Italian footballer and manager

Mario Beretta (born 30 October 1959) is an Italian football manager and former player. He most recently served as head coach of Serie B club Latina.

==Playing career==
Beretta was born in Milan. He had a short career as a footballer, playing only in the 1976–77 season for Pro Sesto and in that 1978–79 for Rovellasca in Serie D.

==Coaching career==
In 1982, aged 23, he became a coach for the amateur team Abbiategrassos youth squad, and in 1984 for Monza's. He was also a successful School Teacher in the mid-eighties for Istituto Gonzaga and Istituto Leopardi in Milan. His first team role came in 1994 for amateur side Corsico, whereas his first professional appearance came the next year for Pro Patria, followed by Saronno, Como and Lumezzane.

After three successful seasons with Varese of Serie C1, Beretta was signed by Ternana of Serie B. An exciting debut in 2002–03 was followed by a sacking the next season. In 2004–05, Serie A club Chievo Verona called him to replace Luigi Delneri. Despite a strong start, Beretta's Chievo slowly but continuously fell down the table, and he was fired three matchdays to the end of the season, with Chievo fully involved in a tough relegation battle, to be replaced by caretaker Maurizio D'Angelo.

In 2005–06, he coached successfully Parma, ending in tenth place, then turned out to be seventh following the 2006 Serie A scandal, which consequently led Parma to a UEFA Cup qualifying. Then he coached Siena for the 2006–07 season, but he suffered in the relegation fight until the last matchday. Siena kept its place in Serie A after a dramatic win over S.S. Lazio. Some days later he agreed to leave the club, being replaced by Andrea Mandorlini; however he was reappointed at the helm of the Tuscan side after Mandorlini was sacked on 12 November 2007 following a 3–2 home loss to Livorno.

On 18 May 2008, after Siena's 2–2 draw against Palermo in the final matchday, Beretta said in his press conference that he was quitting Siena. This was confirmed by the club a few days later; he left Siena after a very impressive season ended with a record 44 points, the best result in Roburs time in the Italian top flight. He was successively announced on 23 June as new head coach of Lecce, newly promoted in the 2008–09 Serie A. He was sacked on 9 March after a 0–0 home draw against bottom-placed Reggina in the Week 27 of Serie A that left Lecce in second-last place.

On 29 November 2009, Beretta agreed to replace Stefano Colantuono at the helm of Serie B outfit Torino F.C. and in January 2010 Torino have fired the coach, who was replaced by his predecessor Stefano Colantuono.

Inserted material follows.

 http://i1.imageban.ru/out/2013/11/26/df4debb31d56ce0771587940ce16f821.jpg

In June 2010, Beretta signed a two-year contract with Greek side PAOK, with this being his first experience outside his homeland. However, on 22 July 2010, just a month after his appointment at the helm of the squad, Paok chairman Thodoris Zagorakis decided to sack him due to poor pre-season results and rumoured complaints from some players. Mario Beretta was immediately replaced by Pavlos Dermitzakis.

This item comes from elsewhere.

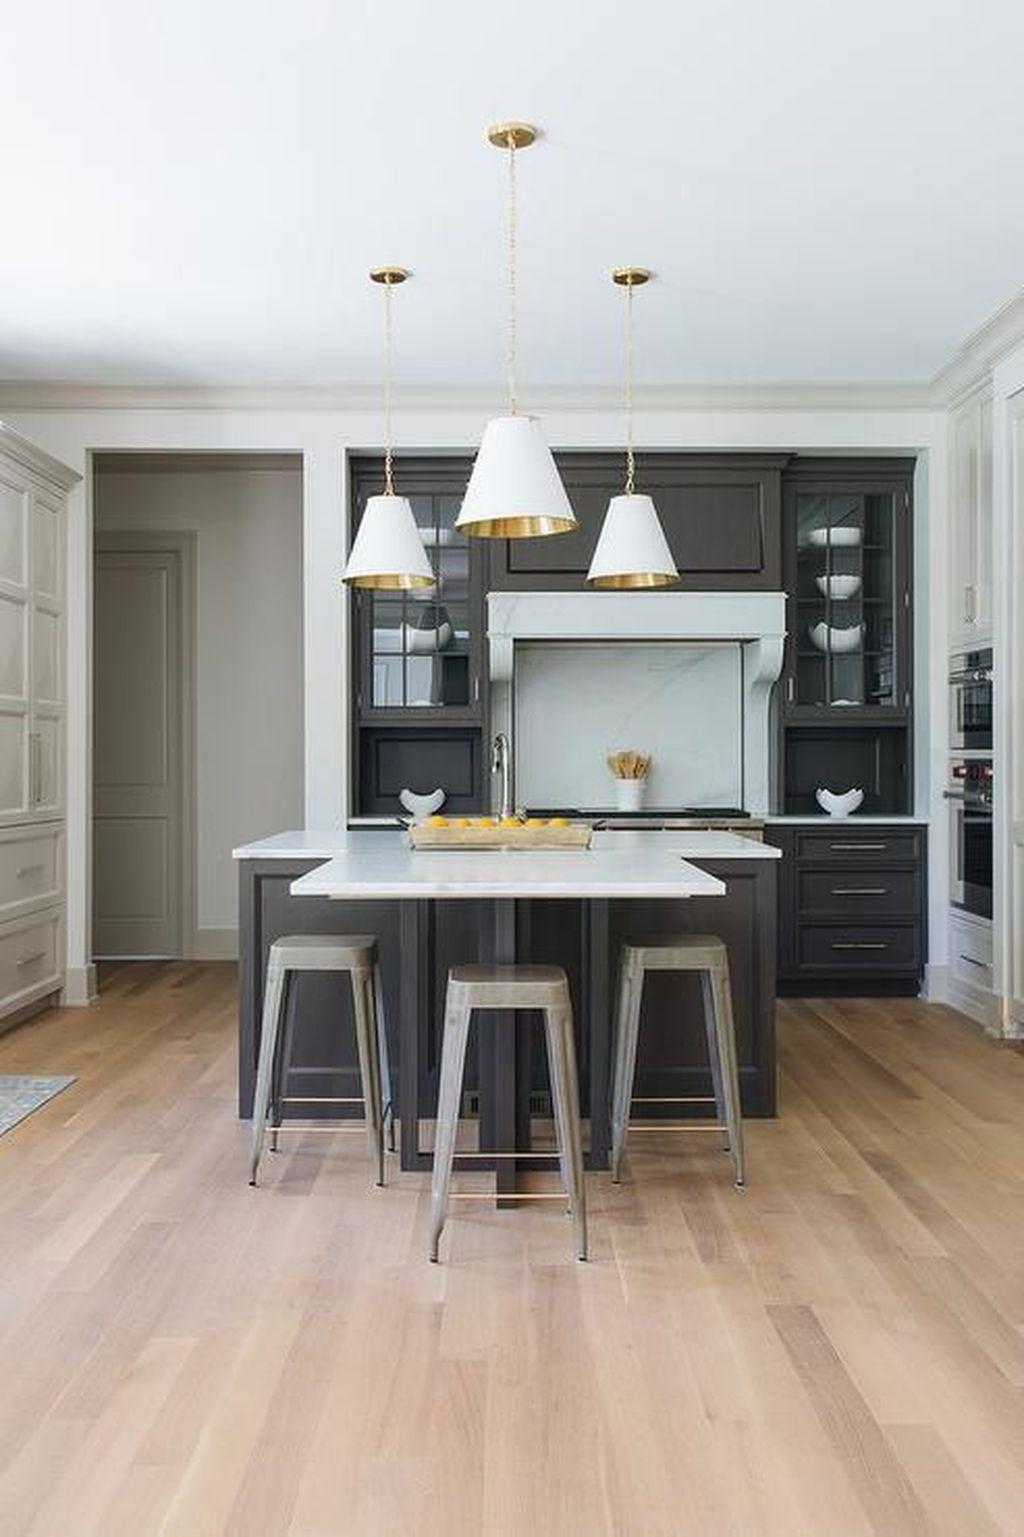 33 Amazing u Shaped Kitchen Design Ideas You Should Copy ...

On 6 December 2010, Beretta was announced as new head coach of Serie A relegation-threatened Lombardians Brescia, replacing Giuseppe Iachini at the helm of the Rondinelle. His tenure as Brescia boss lasted less than two months, as he was dismissed on 30 January 2011 after a 3–0 home loss to relegation-battling rivals Chievo.

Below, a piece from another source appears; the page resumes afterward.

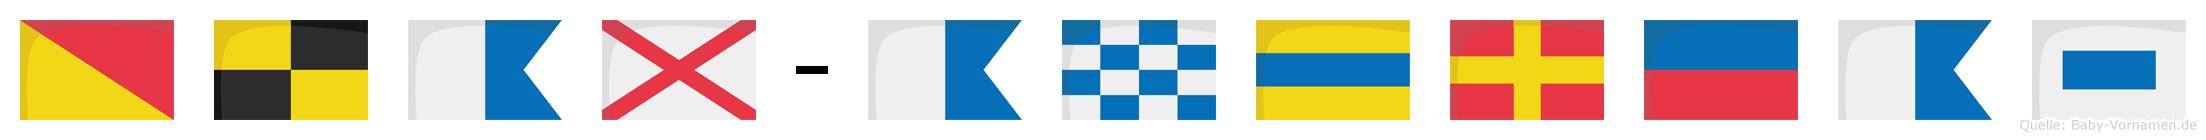 Olav-Andreas im Flaggenalphabet

Since 21 February 2012 to the end of the season he has been the coach of Cesena in Serie A. He successively served as head coach of financially stricken Serie B club Siena, narrowly missing, in the last minutes of the season, despite eight points of penalization, on a promotion playoff spot only to oversee the club being excluded from professional football for good by the end of the season.

After Siena, he agreed upon a contract with Latina of Serie B in July 2014, only to mutually end his deal just in October due to what the club considered poor results (seven pts in seven matches).